=== Exercise prompt ===
Keep images out and repeat all data exactly.

=== Data excerpt ===
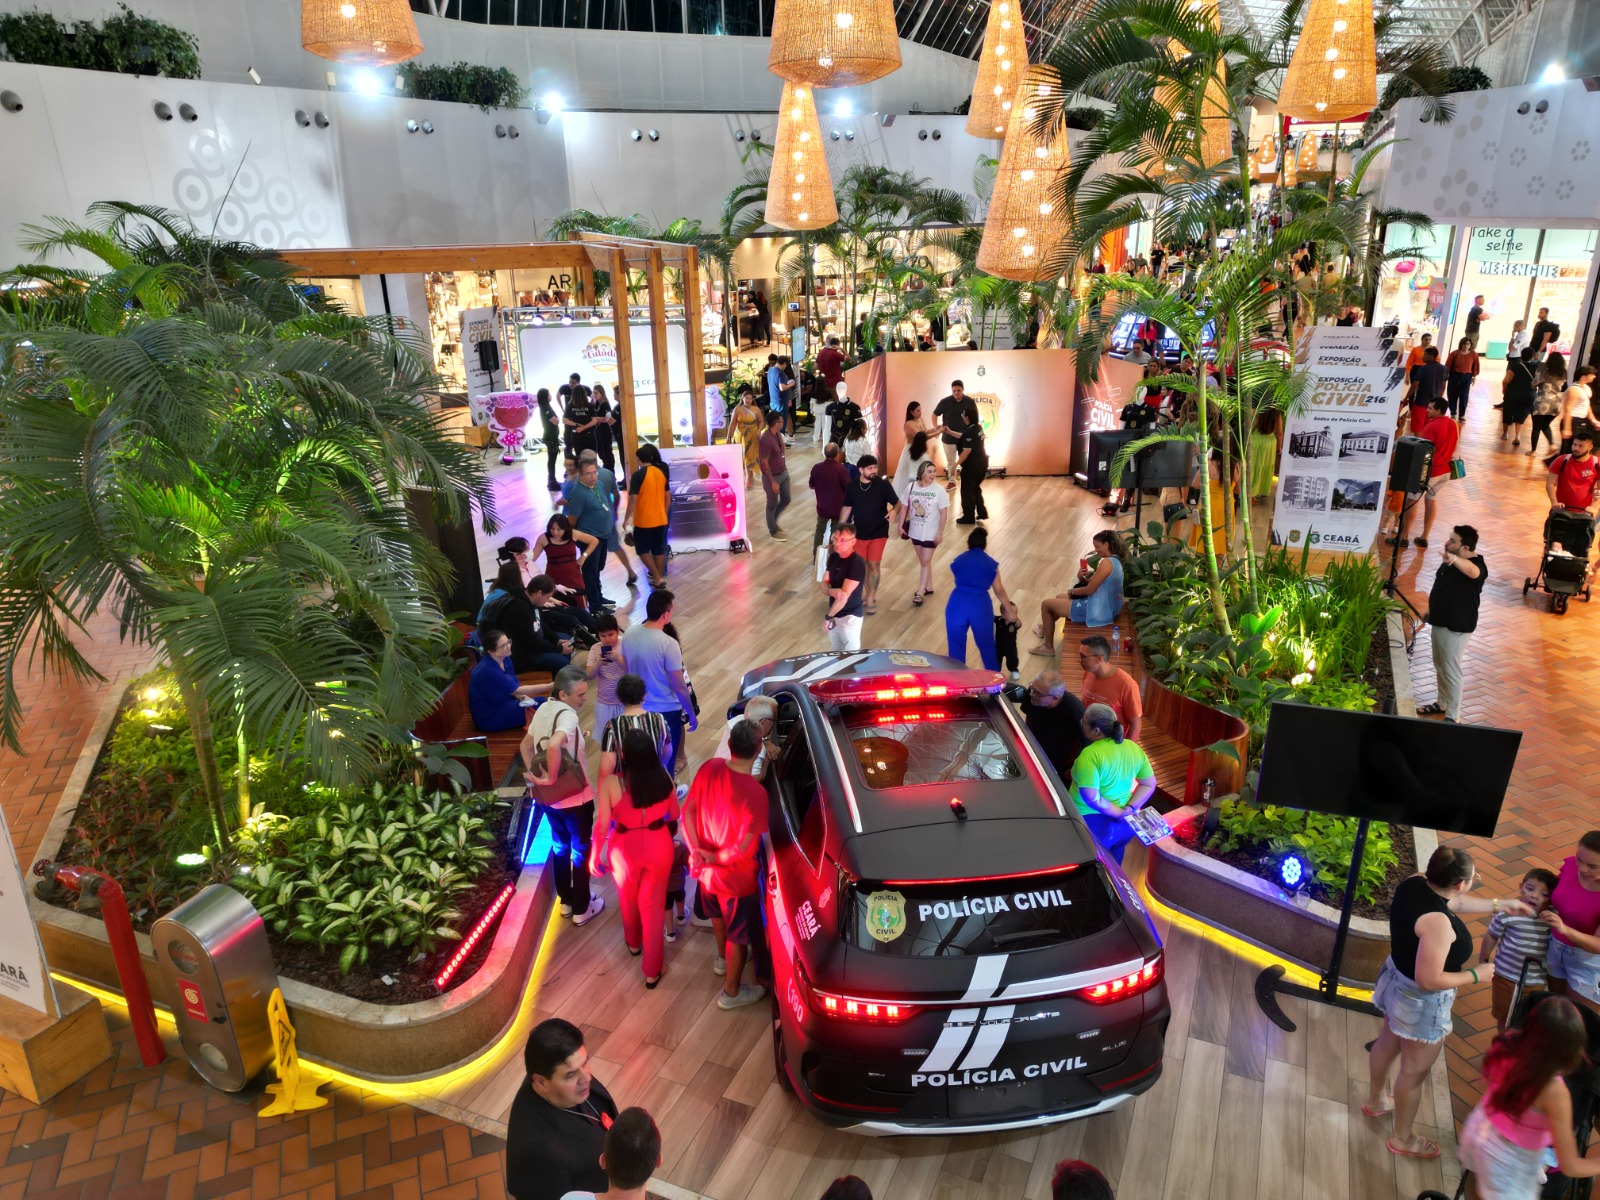 PCCE promove exposição celebrativa de seus 216 anos com automóveis, realidade virtual, espetáculos infantis e serviço em shopping da Capital
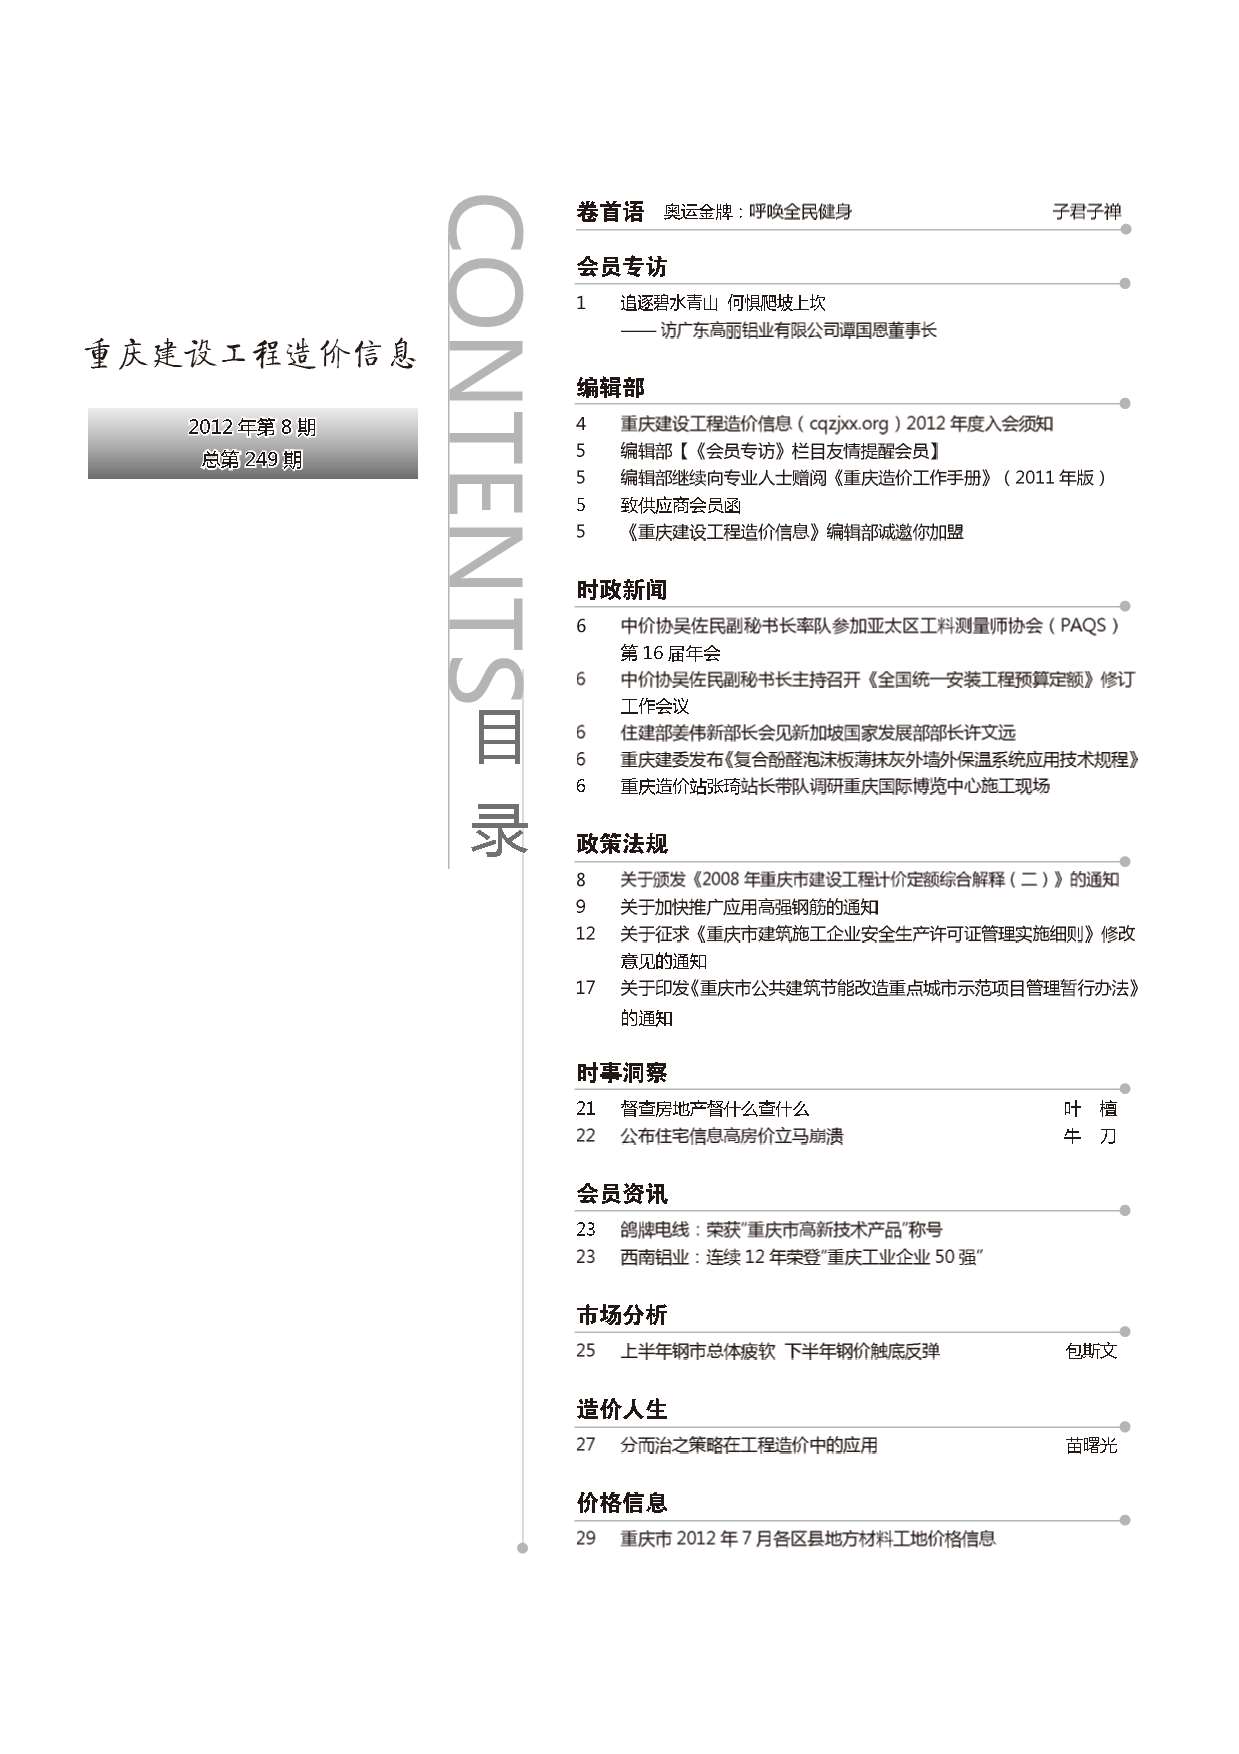 重庆市2012年8月工程造价信息价
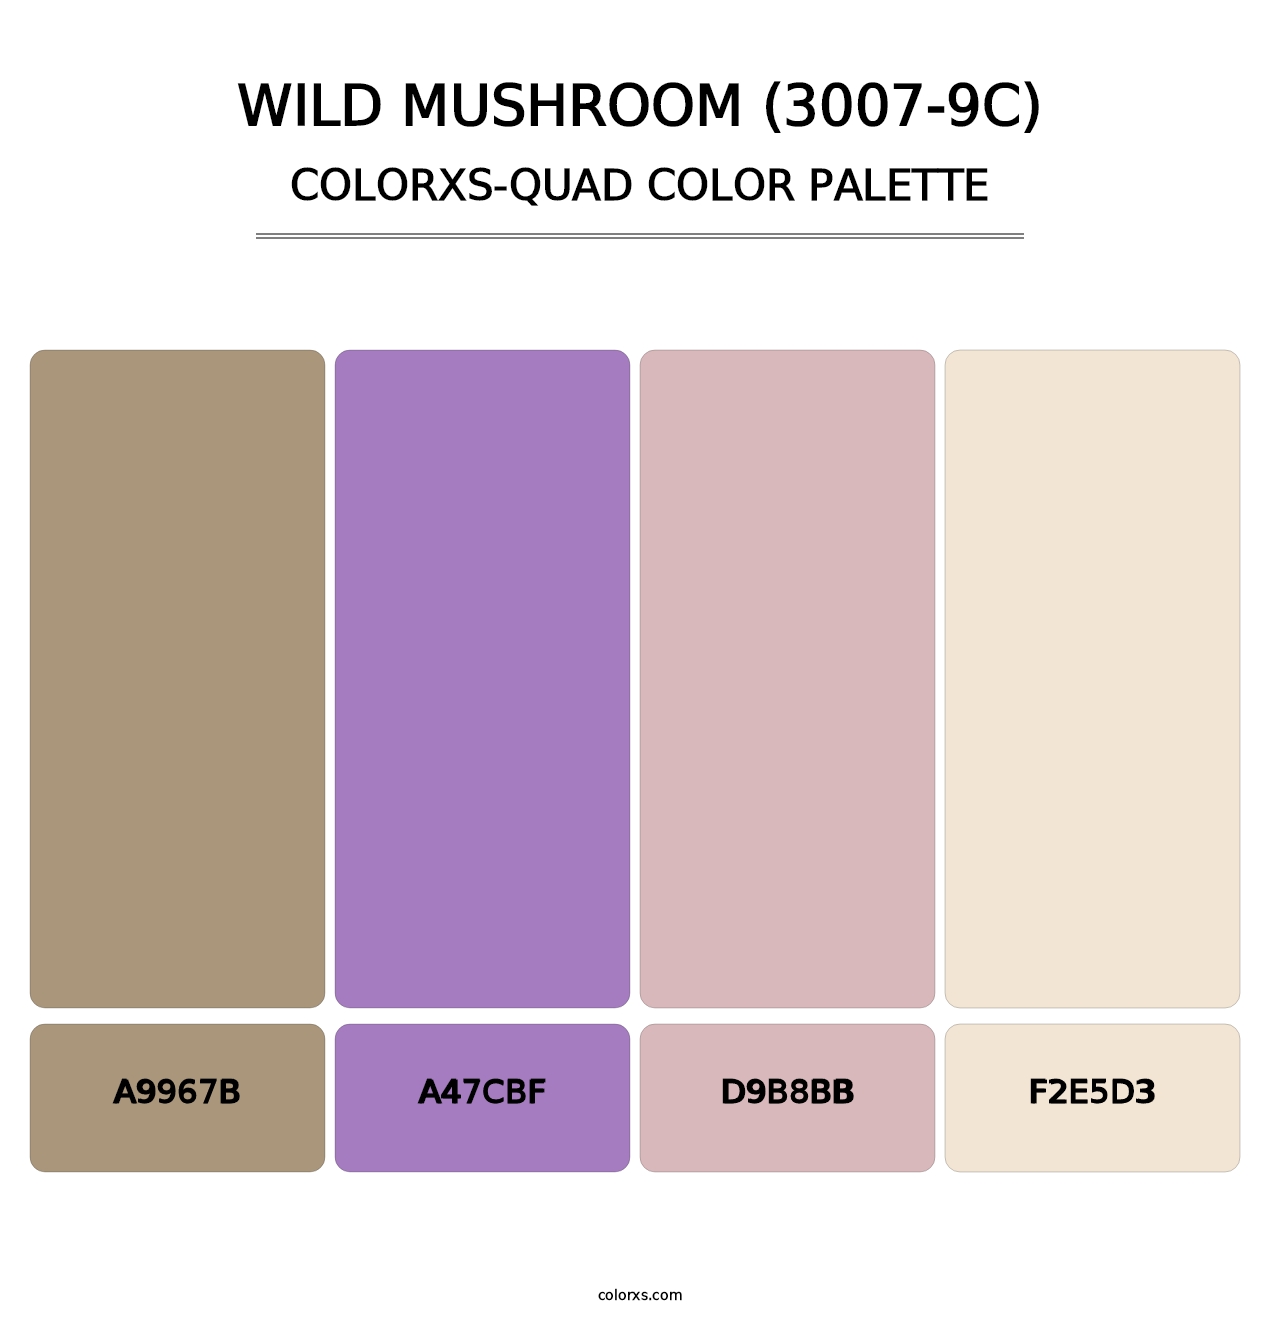 Wild Mushroom (3007-9C) - Colorxs Quad Palette

=== Completed exercise ===
 PCCE promove exposição celebrativa de seus 216 anos com automóveis, realidade virtual, espetáculos infantis e serviço em shopping da Capital
 重庆市2012年8月工程造价信息价
 Wild Mushroom (3007-9C) - Colorxs Quad Palette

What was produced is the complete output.